++++ Data excerpt

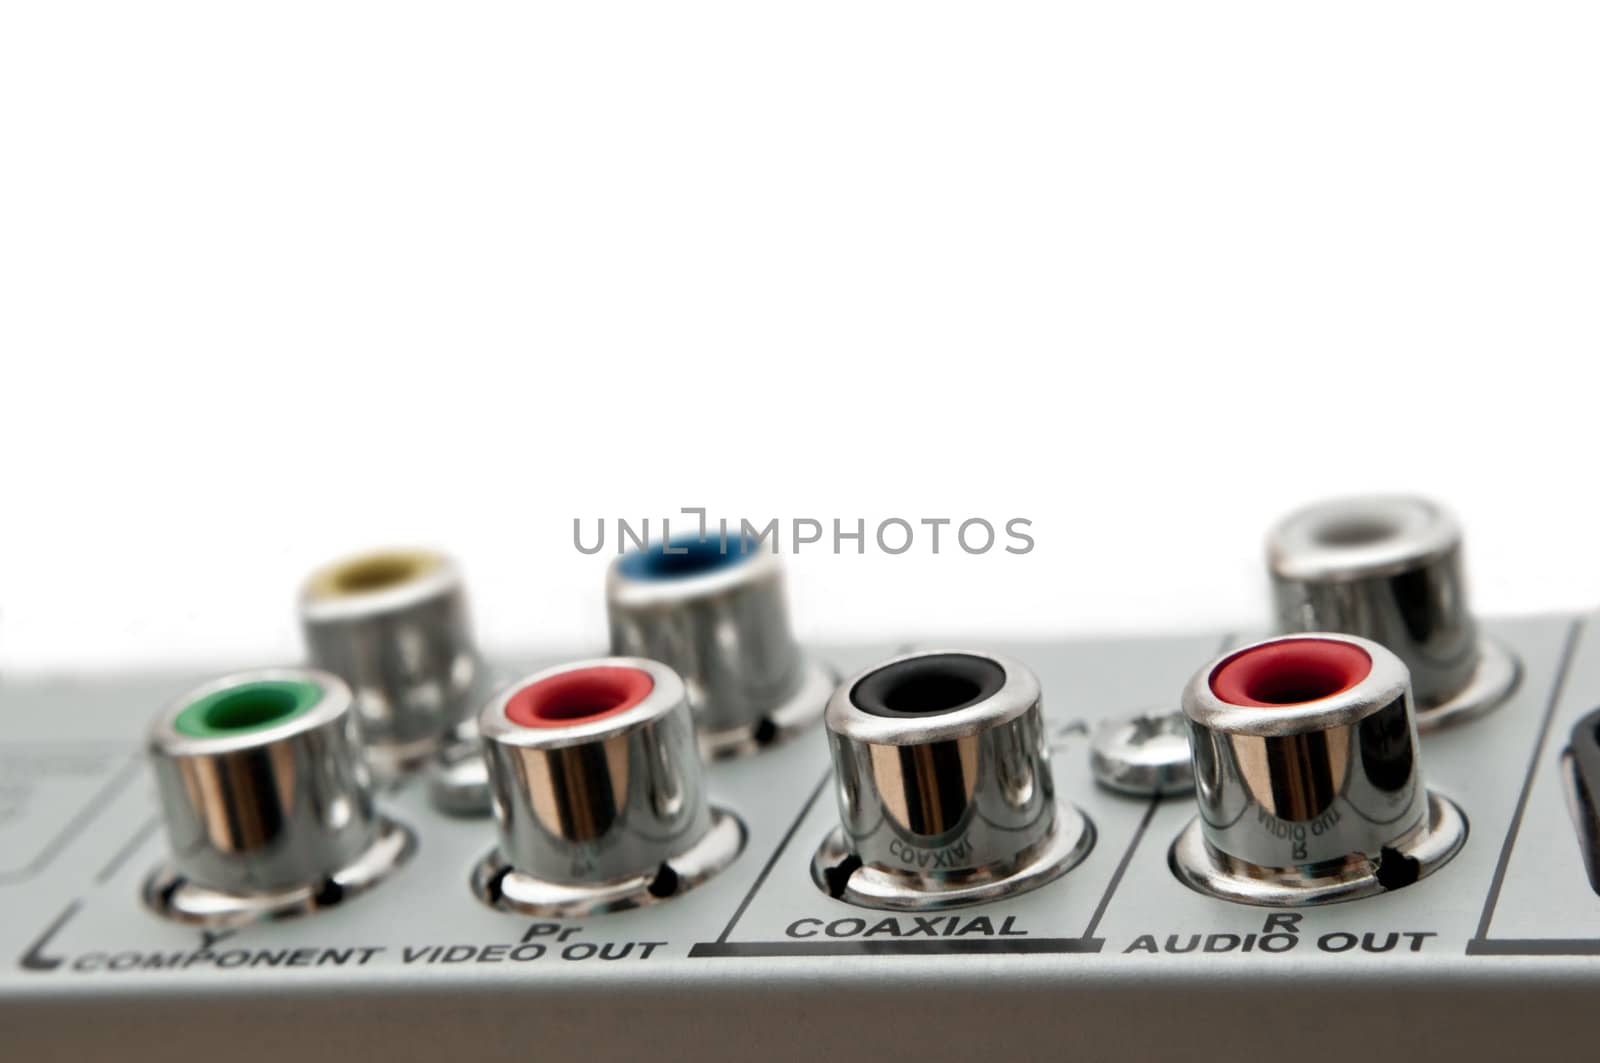 Close up capturing audio visual sockets on the rear of an electrical device. White background.
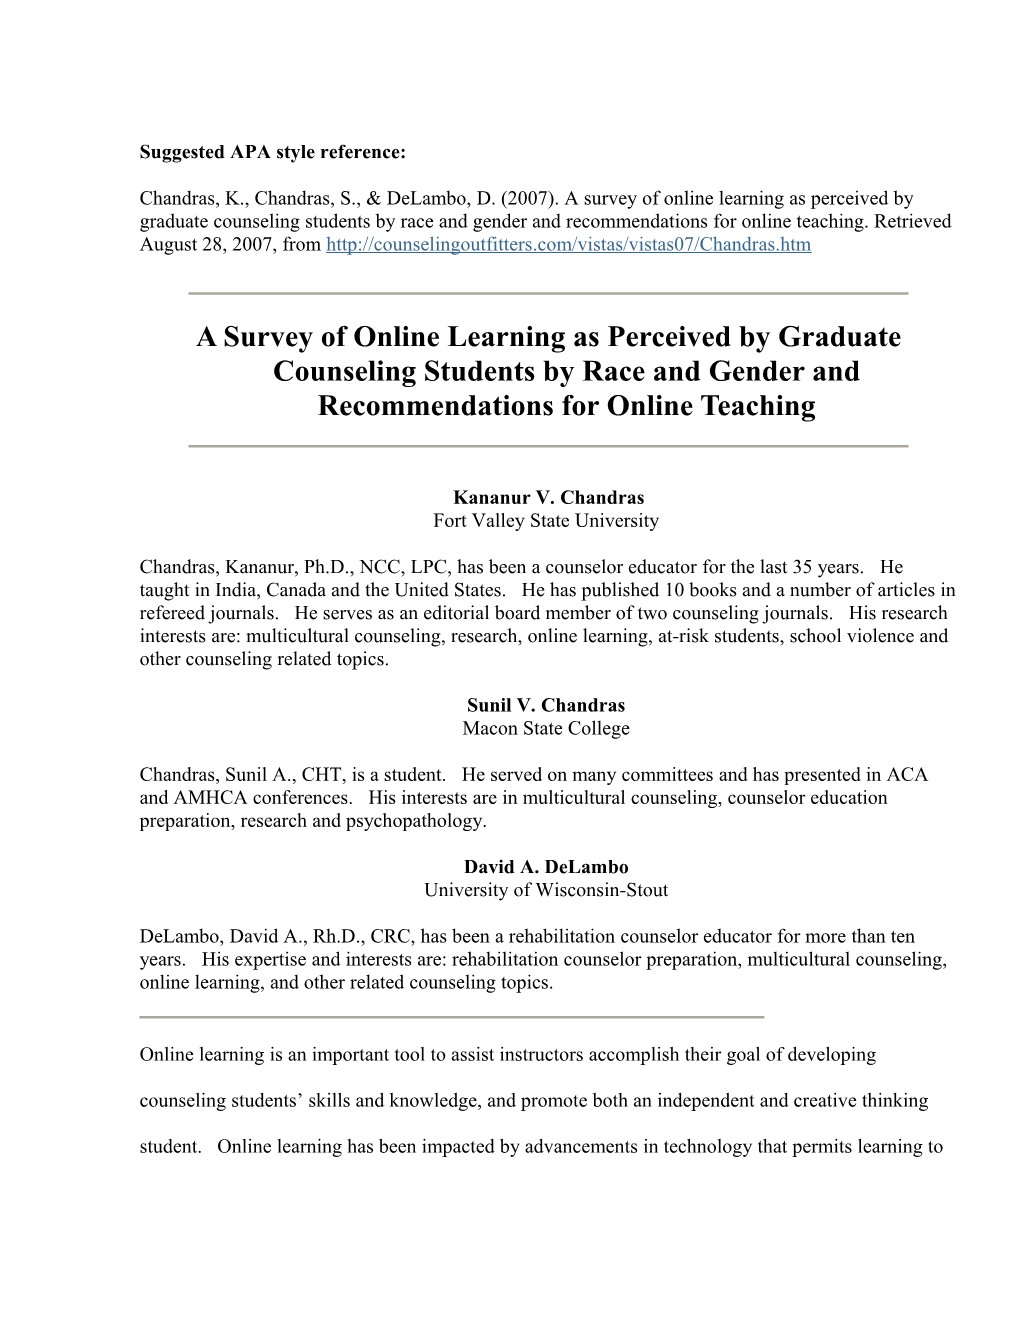 A Survey of Online Learning As Perceived by Graduate Counseling Students by Race and Gender
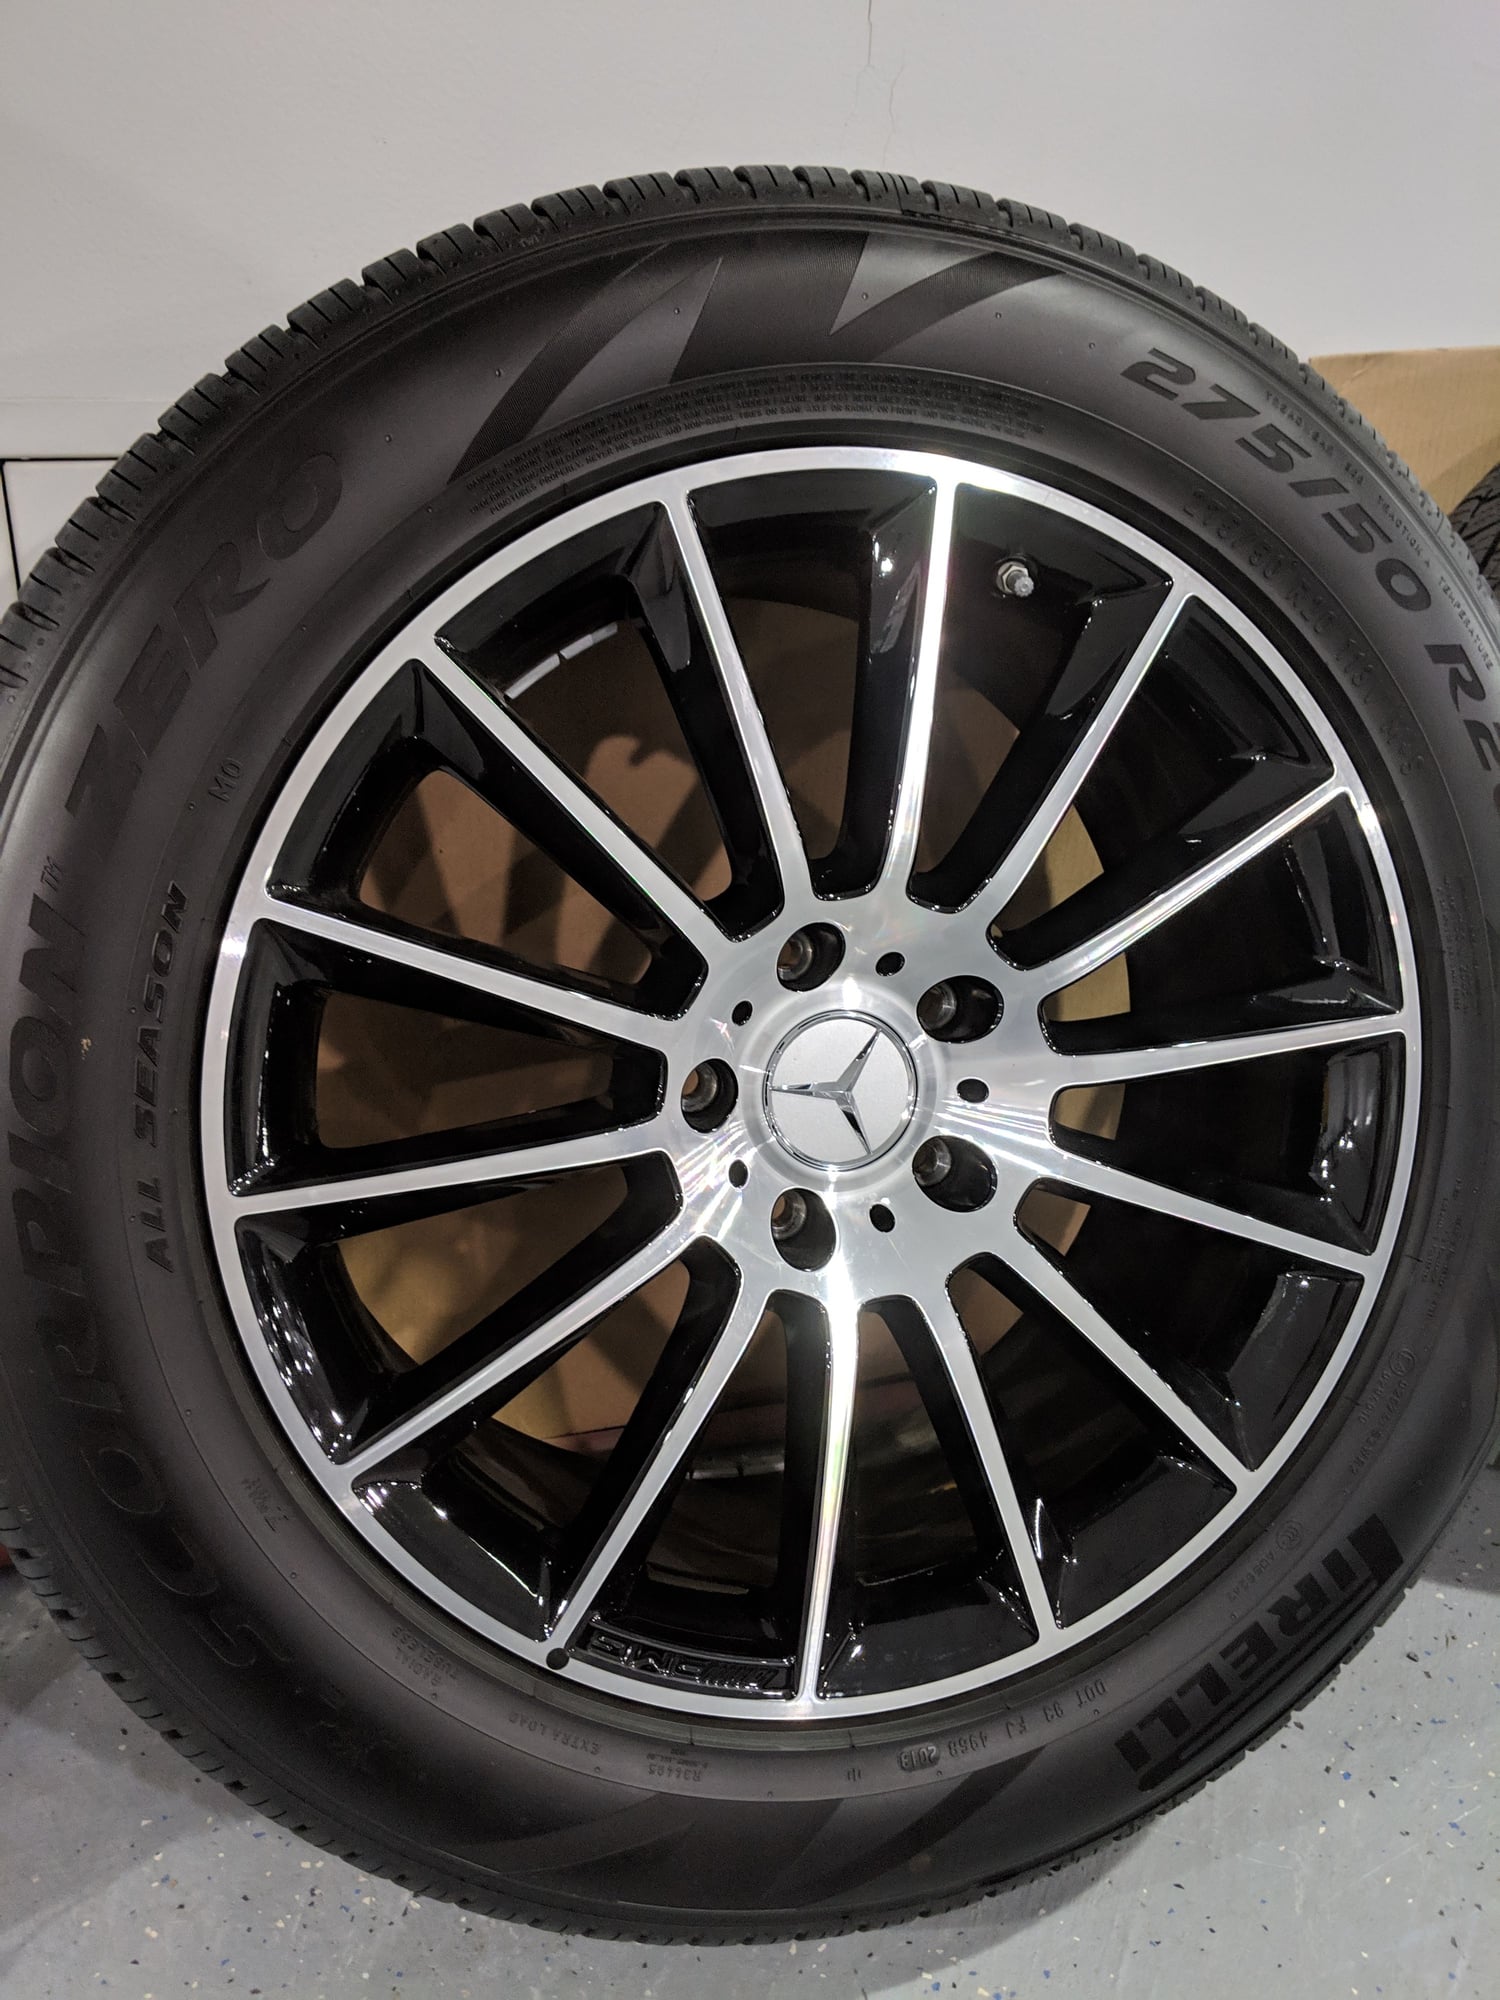 Wheels and Tires/Axles - 2019 NEW OEM Factory Mercedes-Benz AMG G550 Night Ed Black 20 WHEELS TIRES - New - All Years Mercedes-Benz G550 - New York, NY 10036, United States

++++++++

> _Exercise aim_
Only the pictures are to be left out, and all of the data must otherwise be transcribed exactly.

> _Response for this exercise_
 Close up capturing audio visual sockets on the rear of an electrical device. White background.
 A Survey of Online Learning As Perceived by Graduate Counseling Students by Race and Gender
 Wheels and Tires/Axles - 2019 NEW OEM Factory Mercedes-Benz AMG G550 Night Ed Black 20 WHEELS TIRES - New - All Years Mercedes-Benz G550 - New York, NY 10036, United States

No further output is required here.